Je prend la voiture et file au rendez vous. Premier entretien courtois avec ma nouvelle principale. Pour moi aussi c’est un passage à l’oral. Après cet entretien, j’attends la collègue que je remplacerais. 15h50 : LA sonnerie sonne (désolé), je discute avec elle, on s’échange les adresses. J’ai son emploi du temps. J’ai les 4 niveaux, je suis professeur principal d’une sixième (j’aime pas les 6eme), je bosse sur le projet de découverte professionnelle 3h mais cette fois je suis rémunéré. J’accompagne ma collègue prendre ces élèves, o,n monte dans sa salle, je les observe s’installer, je récupère les logiciels pour le TNI, puis leur souhaite de bien travailler, de bonnes vacances. Nous nous verrons à la rentrée.
A présent, je dois rentrer à mon ancien collège (le mot me déchire le coeur) vider ma salle, mon casier et rendre mon Bip et mes clés. Je discute un dernier moment avec ma principale. Elle me rapporte les mêmes propos de la personne d’”école et vie locale” sur la maturité de nos élèves. Elle revient sur nos exigences élevés.. Je lui réponds que c’est sans doute le revers de la médaille que de leur demander beaucoup.
J’ai beaucoup réfléchi à ce sujet. Nos élèves sont très responsabilisés, nous sommes très exigeants vis à vis d’eux, les échanges sont nombreux, ils nous font confiance et écoute nos conseils. Ce sont de petits adultes. Est-ce bien ou pas? La question se pose. Leur innocence n’est que de courte durée mais le monde auquel nous les préparons n’est plus celui qui l’a été. C’est un monde dur et complexe auquel ils devront faire face.
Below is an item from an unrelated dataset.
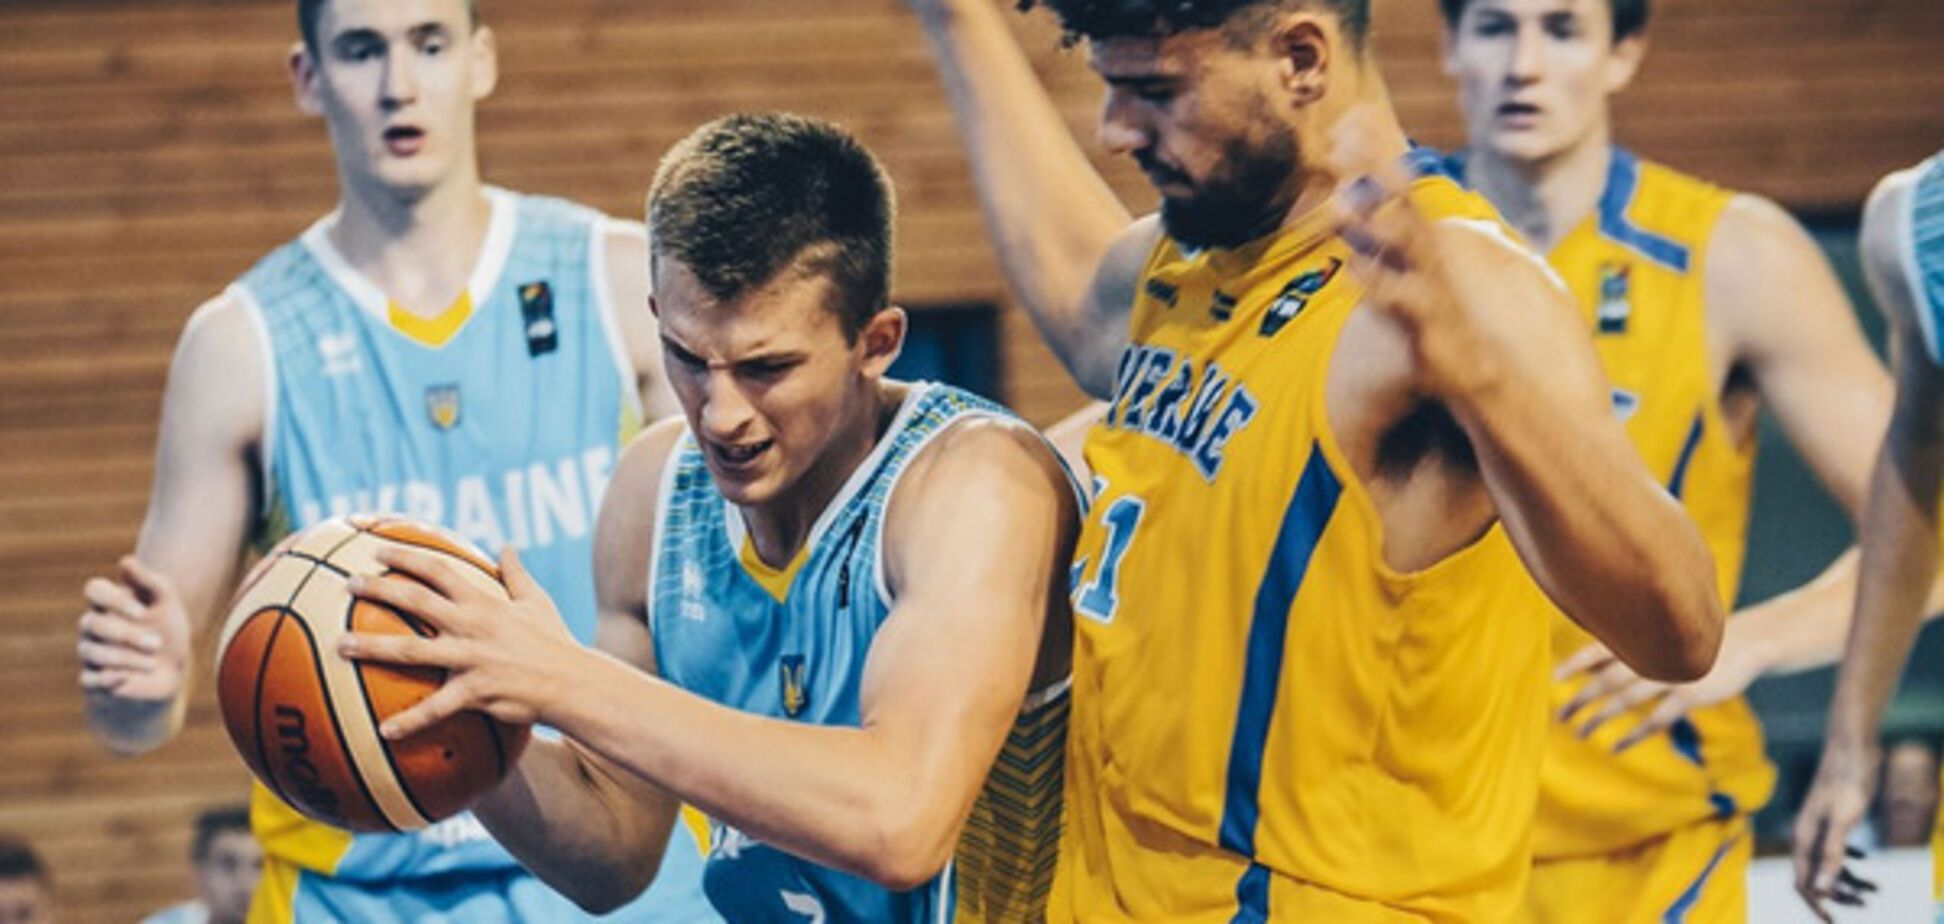 Молодежная сборная Украины по баскетболу

Je repense à tous ces échanges avec les élèves, leurs joies, leurs déceptions, la volonté de vous faire plaisir et nous et nos exigences. J’ai repensé à ça sur la route qui me ramenait chez moi.
Aujourd’hui je suis triste. Je me rends compte de la chance que j’ai eu d’avoir de tels élèves. Ces moments particuliers d’échanges vont me manquer. Les petits pics, les réprimandes, les colères et ces élèves à votre écoute. Je sais à présent qu’ils vont beaucoup me manquer. Ce départ est un déchirement mais à la rentrée je devrais reprendre avec d’autres sur un rythme encore plus endiablé. Telle est la voie du TZR de banlieue.
A tous mes élèves (même les pénibles) je dis merci!!